The headshot of Brian Parsons on the background of the icon of Johns Hopkins University logo.
Parsons wanted to know how systems engineers could design, test, and deploy more resilient systems to predict and prepare for potential system failure related to transportation cyber physical systems (TCPS). TCPS can make transportation systems achieve higher efficiency and reliability by enabling increased feedback-based interactions between the cyber system and physical system in transportation.

How did this problem come to your attention?

The Department of Homeland Security (DHS) has identified 16 infrastructures deemed critical in the U.S. These include defense, energy, financial, and transportation, amongst others. As technology continues to advance, these infrastructures are becoming more complex, which challenges engineers to develop systems capable of maintaining these infrastructures while persevering through any potential system failures.

The problem I sought to address in my thesis was how system engineers could improve a systems resiliency, or the ability to respond and recover from potential system failures while in use. Specifically, I wanted to address the resiliency of cyber physical systems (CPSs). CPSs include interacting digital, analog, and physical components designed to perform a specific logical function. These systems form the basis of numerous “smart” systems, such as smart grids, smart cities, etc.

How did you use a systems engineering approach to solve this problem?

The process of test and evaluation is the method by which a system is compared against pre-determined requirements and specifications through testing. Traditionally, testing these systems is conducted in pre-application environments. However, due to the complexity of CPSs .it can be difficult, if not impossible, to predict and model potential system failures in test environments.

In my research, I came across a new approach for testing resiliency called “chaos engineering.” Chaos engineering differs from traditional testing methods since it tests systems in production environments compared to traditional tests which require engineers to predict potential system failures, which offers a large margin of error. Instead, chaos engineering seeks to discover potential failures that cannot be anticipated. This is accomplished by strategically executing chaos experiments (or carefully planned system failures) in production environments, observing, and analyzing the outcomes of those experiments in attempt to improve system resiliencies over time. A production environment is where systems are offered in a “live” format.

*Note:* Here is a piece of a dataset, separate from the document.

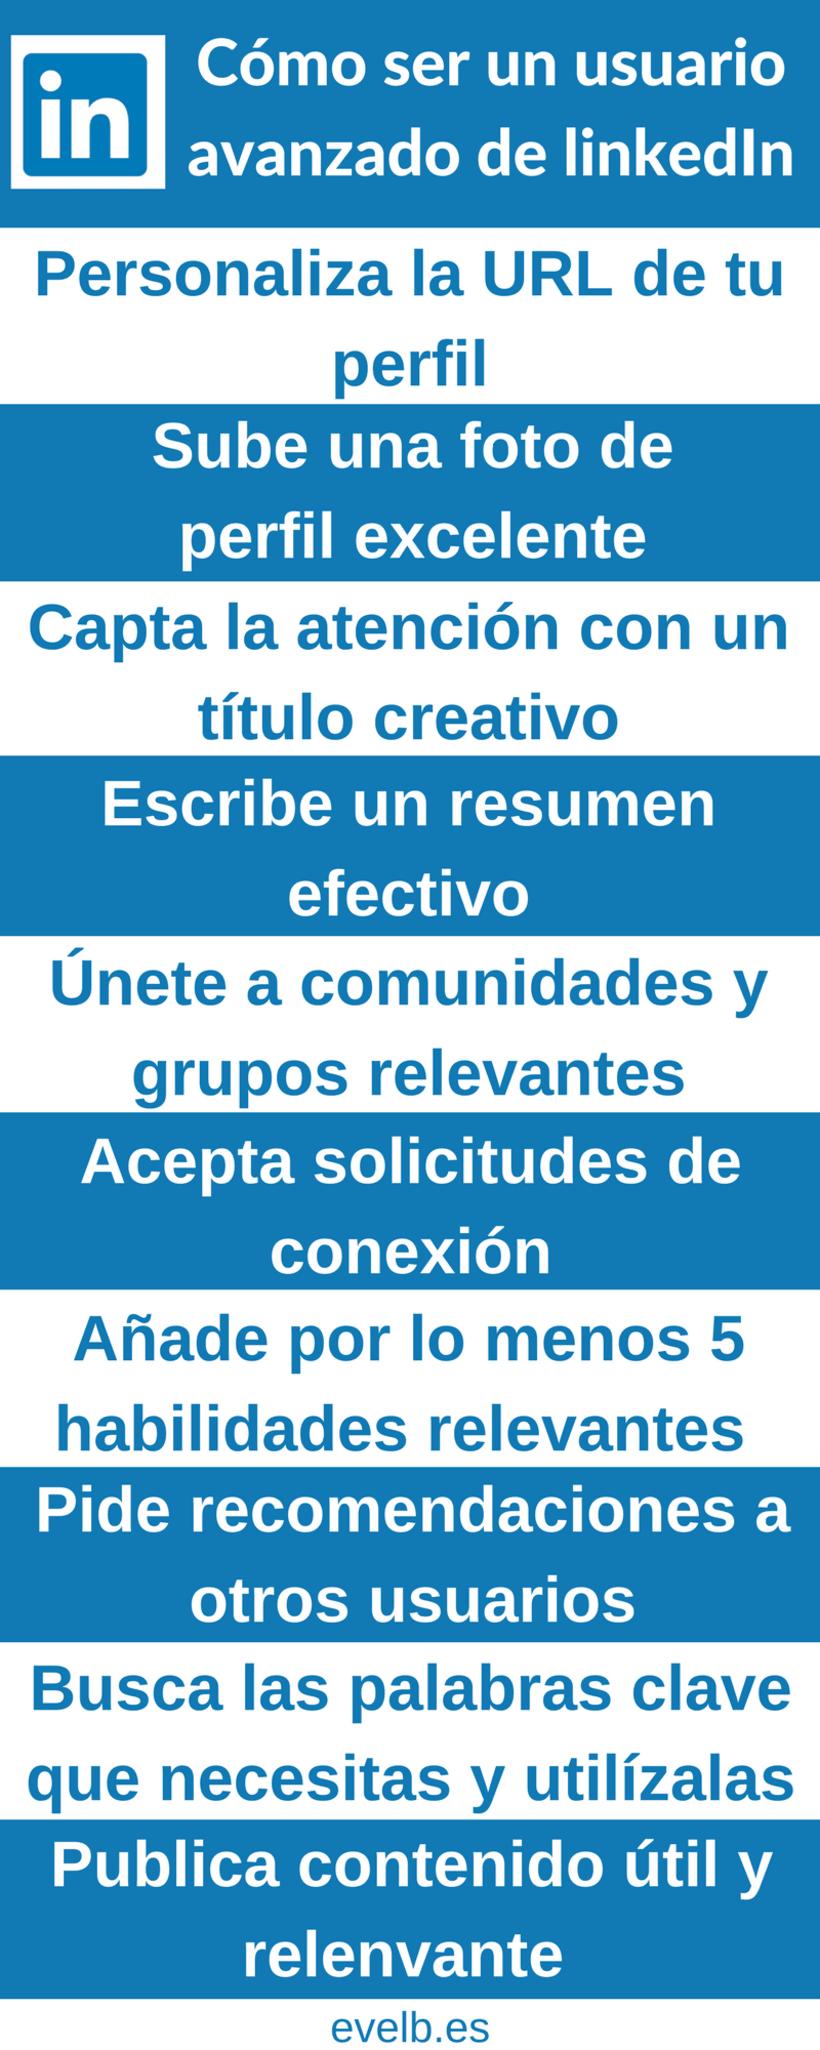 Infografías evelb.es 30

What is your solution to improve upon current CPSs resiliency testing to better anticipate the unexpected to improve system resiliencies over time?

For my thesis, I chose to focus on one of the 16 critical infrastructures identified by DHS: transportation cyber physical systems (TCPS). Current testing methodologies cannot sufficiently evaluate every potential system failure in this system. My thesis demonstrated how an engineering team would go about developing, executing, observing, and analyzing chaos experiments to improve resiliency for a TCPS.

I configured a test system to represent TCPS, then developed a chaos experiment that would cause a failure in the system. The experiment and the programs resiliency were observed and then the system was returned to its original operating state. This provided a simplified demonstration of how system engineering teams could go about planning, developing, and implementing chaos engineering in a representative system.

Do you think your solution is a realistic option, and might it be developed later in real life?

Chaos engineering is already in use by large technology companies such as Netflix, LinkedIn, Microsoft, and Amazon, and multiple resources have been created to help engineers develop chaos experiments.

As more companies and industries are exposed to chaos engineering and come to understand its unique capability to uncover unknown weakness and failures in systems, the more engineering teams are likely to adopt it as a systems engineering test and evaluation best practice.

In what other circumstances have you been able to present your findings?

In April 2021, at the suggestion of my faculty advisors, I presented my thesis at the 14th INCOSE Great Lakes Regional Conference. Since Chaos Engineering is a relatively new concept, the conference presented an excellent forum to introduce the topic to the systems engineering field and I was honored to play a part in advancing this topic within the community.